Here we address the critiques offered by Hasan and Pedraza to our recently published manuscript comparing the performance of two automated segmentation programs, FSL/FIRST and FreeSurfer (Morey, et al. 2009
). An assessment of the specific critiques and discussion follows:
Lack of age and other demographic information
We agree that a clear description of sample characteristics is essential in any scientific report and is an important omission from our original report. Key demographic attributes of our sample of 20 participants are described in . While we do not believe the particular group of subjects we selected have biased our results, it is possible one technique may be poorer at segmenting a specific demographic subgroup (e.g. aged) than another owing to the range of subjects who contributed to the atlas. While we agree that basic demographic information of the group is important and may affect absolute volume measures, we did not predict that the expert human expert rater to be tracing the structures differentially with respect to age or other demographic attributes and therefore did not expect them to influence the comparison of methods. We acknowledge the age related changes in volume for certain structures cited by Hasan and Pedraza, however investigation of age related effects would be difficult to assess in the age demographic represented in our sample. This would be an interesting area of further research.
Demographic attributes of sample
Lack of tabulation of individual volumes from manual tracing
It is unclear how tabulating volumes of individual participants’ volumes would help the interpretation of the results. We are comparing the outcome of two algorithms and therefore the relative differences between methods are much more important than the absolute volumes for individual subjects. Individual volume measures might be useful if a publicly available dataset was used, however this was not the case. Furthermore, manual hippocampal and amygdala segmentations depend on the segmentation protocol and thus it can be misleading to directly compare absolute volumetric measurements.
Introduction of a correlation by not considering left and right structures which ought to be tabulated separately
We agree that because the volumes of left and right structures are generally correlated, this may tend to inflate any correlation that includes left and right as independent measures. We checked the correlation of left and right hemispheres of the hippocampus and amygdala and indeed they are correlated for each of the three methods employed (see ). When left and right hemisphere correlations are assessed separately, the right hemisphere had generally higher correlations with manual tracing than the left hemisphere. The correlations obtained from using left and right hemisphere data as independent measures (as reported in Morey, et al. 2009
) led to values intermediate to the separately computed left and right correlations as seen in . Regarding our power estimates, treating the hemispheres as independent, given the left-right correlations, results in an underestimation of variability. This leads to overstated inferences (too lenient) and overestimates of power, although it does not change the relative position of the methods. Additional data on laterality is conveyed in the shape analyses presented in Figures 9 and 10 of the original paper (Morey, et al. 2009
). Therefore, in our estimation, this information does not lead to a significant revision of the main conclusions about either of the methods. More conclusive results are certain to be made available from future validation studies.
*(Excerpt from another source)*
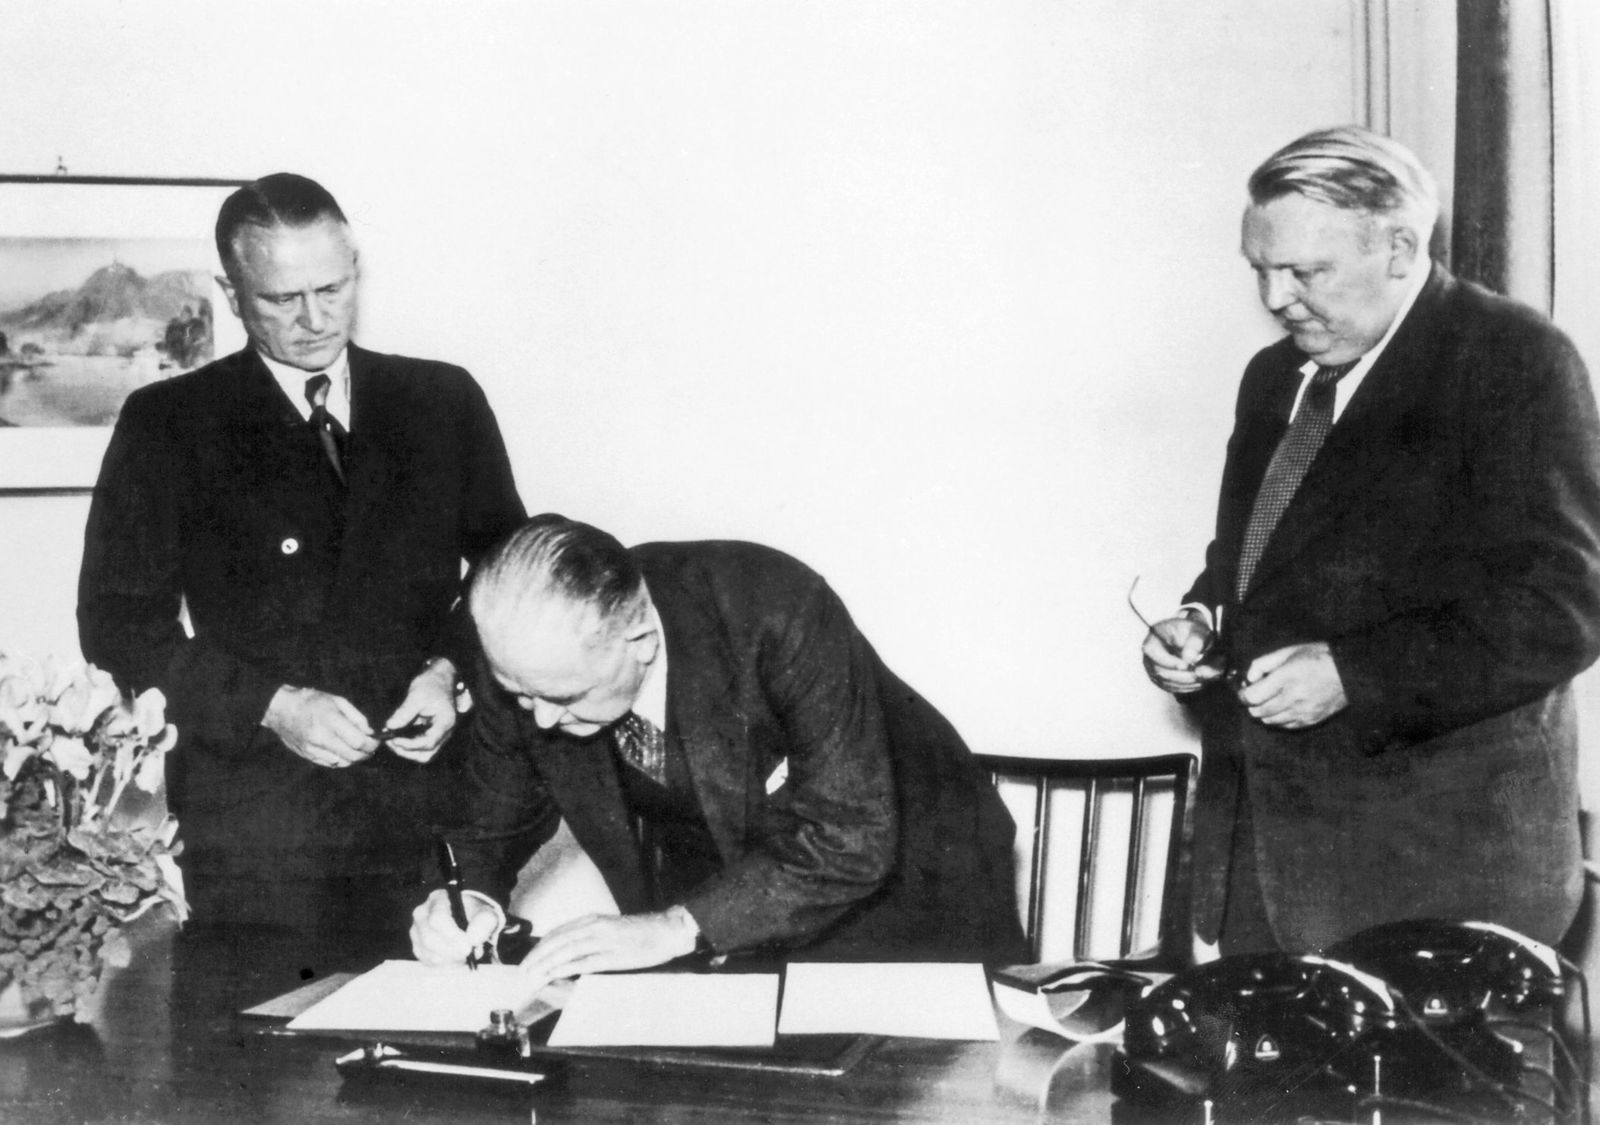 70 years ago, the United Kingdom handed over trustee-ship of Volkswagen to the Federal Republic of Germany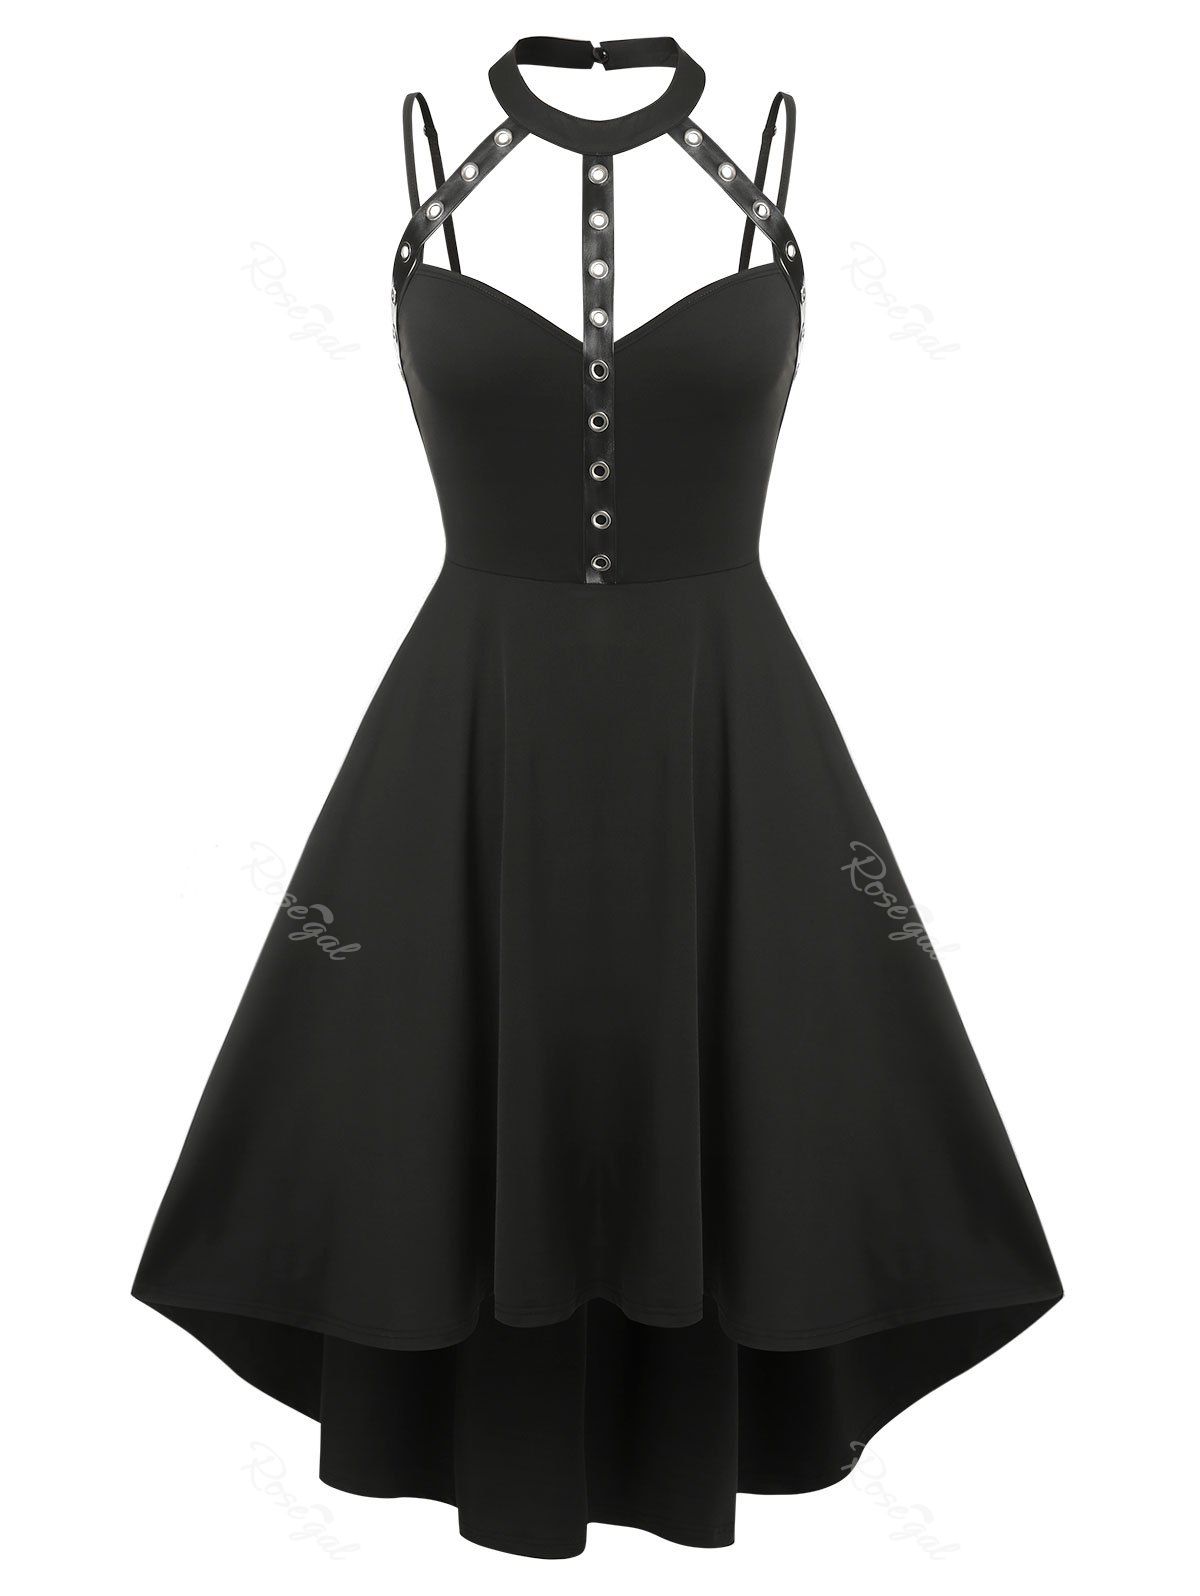 Latest Plus Size Harness Cutout High Low Gothic Dress

Left and right hemisphere correlations
Evidence of possible sources of difference related to the atlases used in FSL and FreeSurfer with a potentially missed opportunity for further analyses by Morey et al
Including this point would enhance the completeness of the Discussion section. Atlas differences are one possible source of diverging results between FSL and FreeSurfer. The suggestion for comparing systematic bias of manually delineated volumes to the atlas from FreeSurfer goes beyond the scope of our study as this could be a manuscript unto itself. Indeed, Hasan and Pedraza cite the work of Shattuck and colleagues (Shattuck, et al. 2008
) as a careful study of the influence of atlas selection.
In summary, Hasan and Pedraza bring up some important points concerning our reporting of methods and results. While their commentary aids the reader in more critically assessing our study, it falls short of substantiating that our omissions and methodological shortcomings ought to lead any reader to significantly revise their interpretations. Further research is certain to help disentangle the advantages and limitations of the various freely-available automated segmentation software packages.